Леся так и сидела — ни жива, ни мёртва. Не слышала, как у колонки припарковалась полицейская «Нива», как в дверь колотил участковый, кричал в трубку телефона. Потом он вошёл через задние двери. Долго тряс её за плечи, спрашивал чего-то. А она сидела на полу, повторяла:
— Жирненькая… жирненькая…
И только звонкие пощёчины привели её в чувство.
— На нём… Зинкина куртка… Куртка Зинкина была на нём!
Слёзы появились как-то сами собой. Но облегчения не принесли.
⠀⠀ ⠀⠀ ⠀⠀
⠀⠀ ⠀⠀ ⠀⠀
Выпитая самогонка согревала. Отгоняла все печали. И холод. Он брёл по улице, присыпанной снегом, шлёпал по лужам, даже петь пытался. И ничего не страшился.
Один за другим забывались вопросы, ещё час назад кусавшие его изнутри. Почему во многих домах двери нараспашку? Куда подевалась Борисова, откуда у неё на кухне дырища в полу, а в комнатах — жуткий бардак, будто рылся кто по шкафам, искал ценности? Что заставило хозяйку посреди ночи уйти из дома, оставить в углу бутыли с самогоном, да ещё и со стола ужин не убрать? Не похоже на Борисову, не похоже, не…
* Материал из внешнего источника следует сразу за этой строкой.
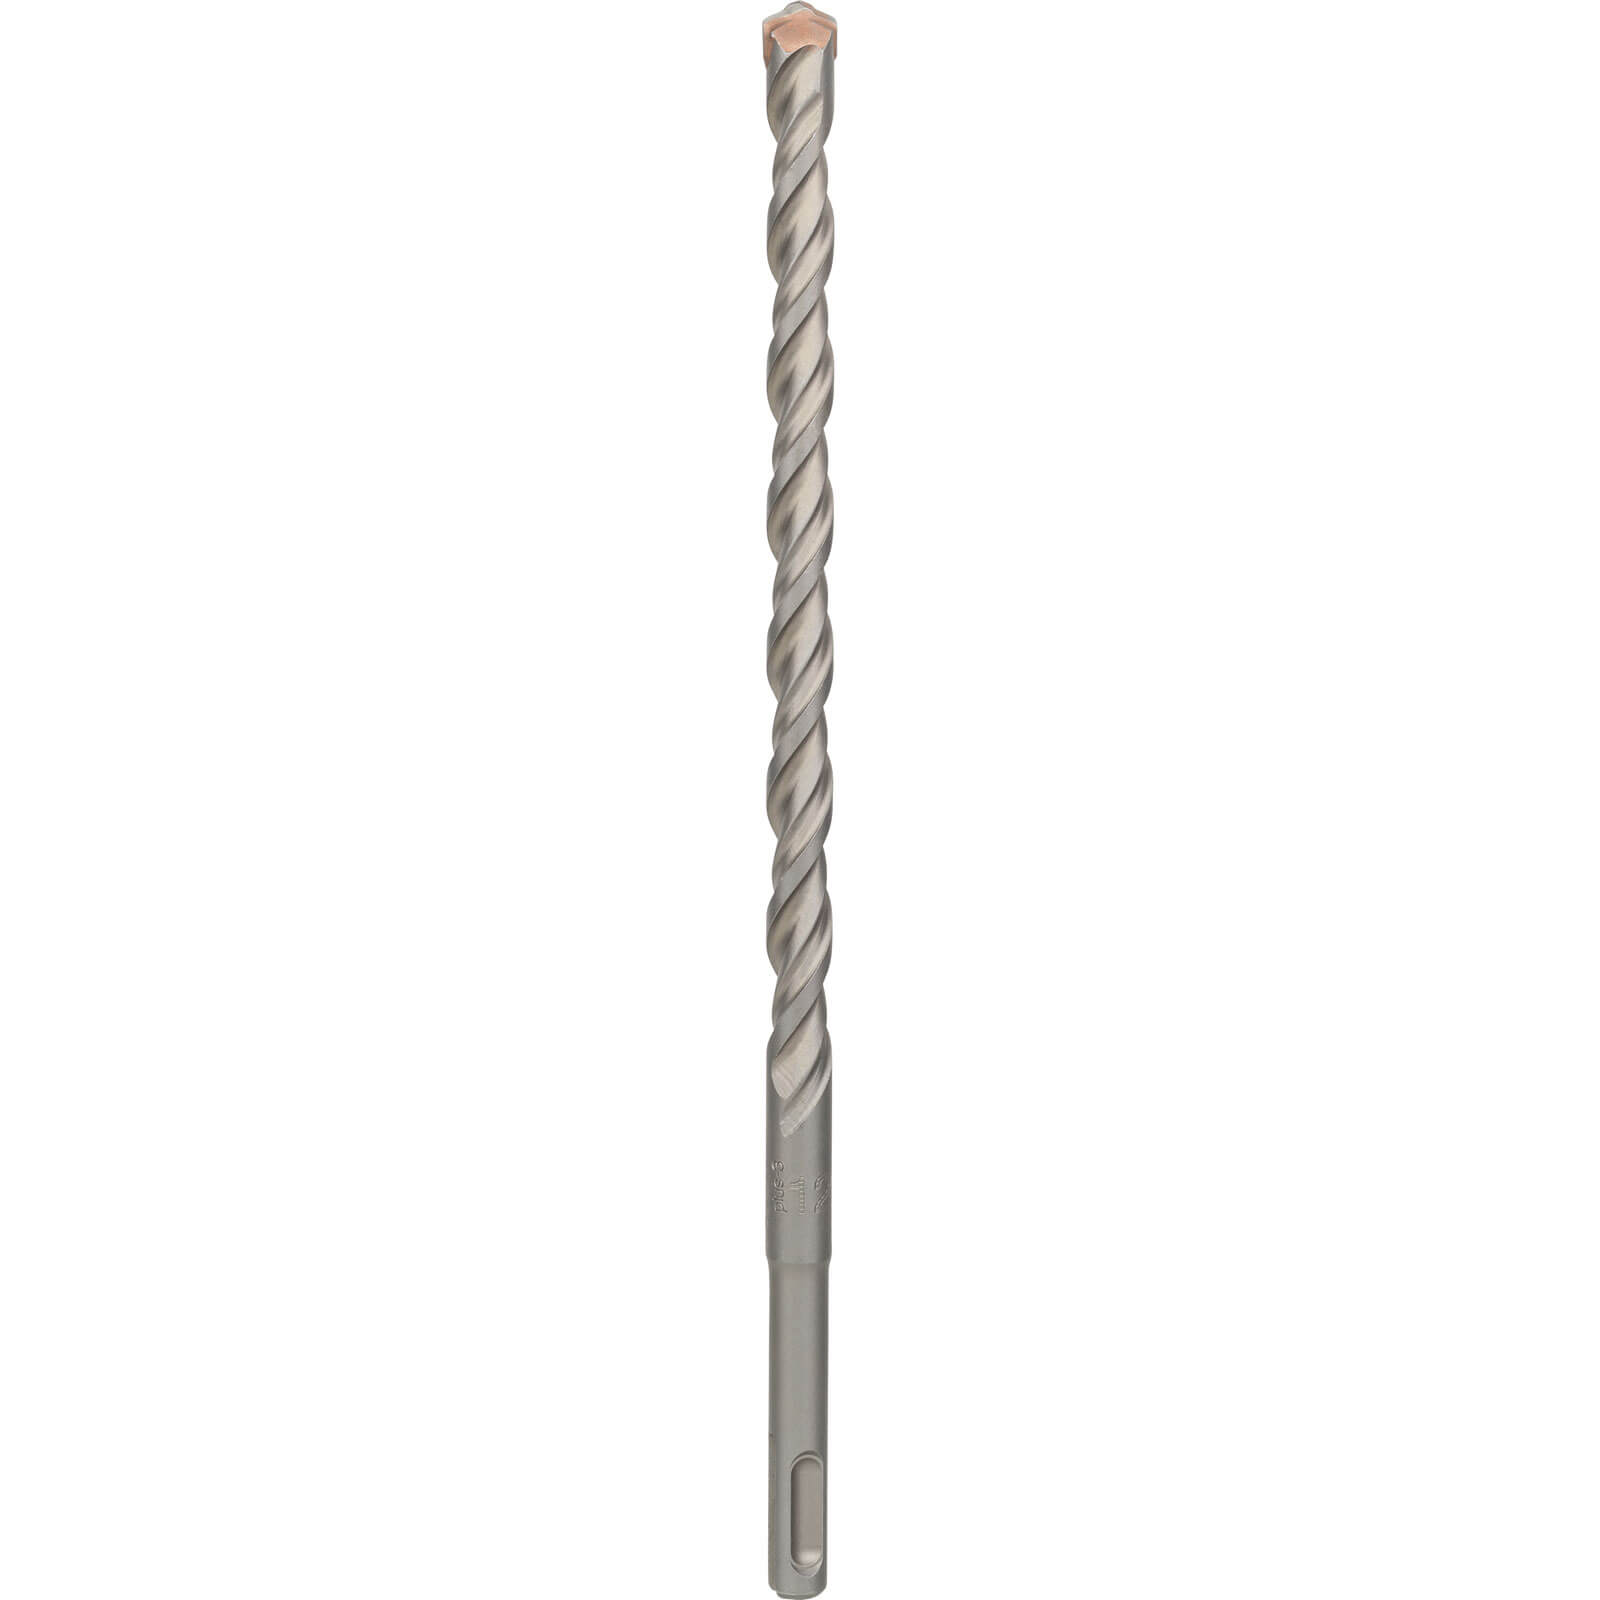 Image of Bosch Series 3 SDS Plus Masonry Drill Bit 12mm 260mm Pack of 1
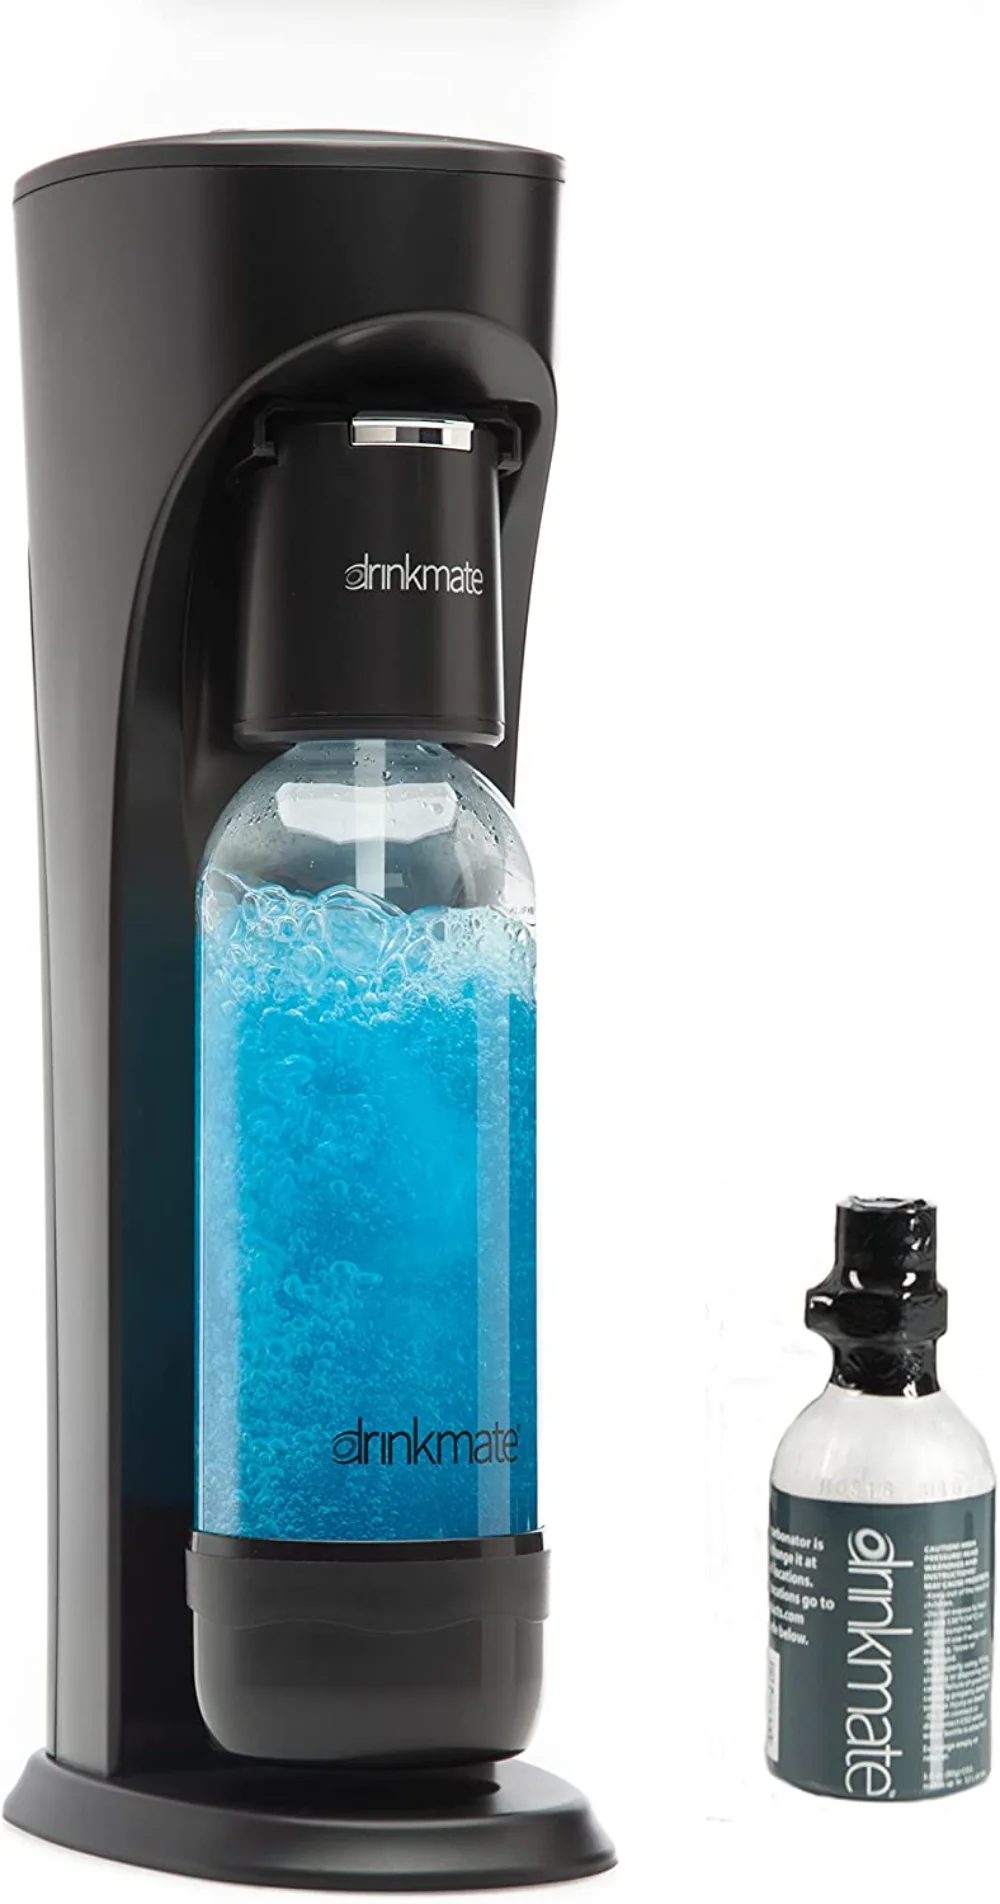 DrinkMate OmniFizz Sparkling Water and Soda Maker, Carbonates Any Drink, with 3 oz CO2 Test Cylinder (Matte Black) lemonda smart p30 1 28 inch full circle full touch smart watch air pump airbag type true blood pressure test body temperature heart rate measurement ip65 waterproof black leather

…Не важно это всё! В руках у него початая бутылка, ещё одна такая же булькает внутри, переваривается вместе с жареной картошечкой, греет, зараза. И совсем не грызёт. Нутро у него крепкое, его так просто не погубишь, не прожжёшь.
Куда он, ёлки, шёл? В клуб? Тогда какого беса вырулил к недостроенной церкви? Зайти, может? Ветер-то кусается, а тулуп на Рябиныче тонкий совсем. Пошатываясь, двинулся вперёд, в утробу церковную заглянул, плюнул туда для устрашения.
Как только внутри оказался, оборвались все звуки. И ветер пропал, и шум реки. Только тяжёлое его дыхание разгоняло тишину. Странно здесь. Года три назад заезжий богач пытался на этом месте возвести церквушку, а рядом коттедж отгрохать, вон, и фундамент еще видно в бурьяне. Дом-то не успел начать, а вот церковь почти достроил, даже освятил, батюшку на джипе привозил. Только не помогло это божьему делу. Говорят, убили того богача в городе, а церквушка так и стоит на откосе, пялится пустыми глазницами на Болотниково. Раньше тут стройматериалы пылились у стен, кирпичи, трубы железные. Давно растащили, да он сам и выносил, на пузыри выменивал…
Пока бродил по мёртвой церкви, кончилась бутылка. А силы остались. Вот уж правду говорили, что Борисова стала своё пойло разбавлять. Раньше с одной убивало, а теперь и две нипочём. Сходить бы ещё за третьей. Да ну, честь тоже надо знать. Ещё и жалеть будет с утра, когда похмелье накроет. Лучше в клуб — отлежаться, отоспаться, ничего не бояться.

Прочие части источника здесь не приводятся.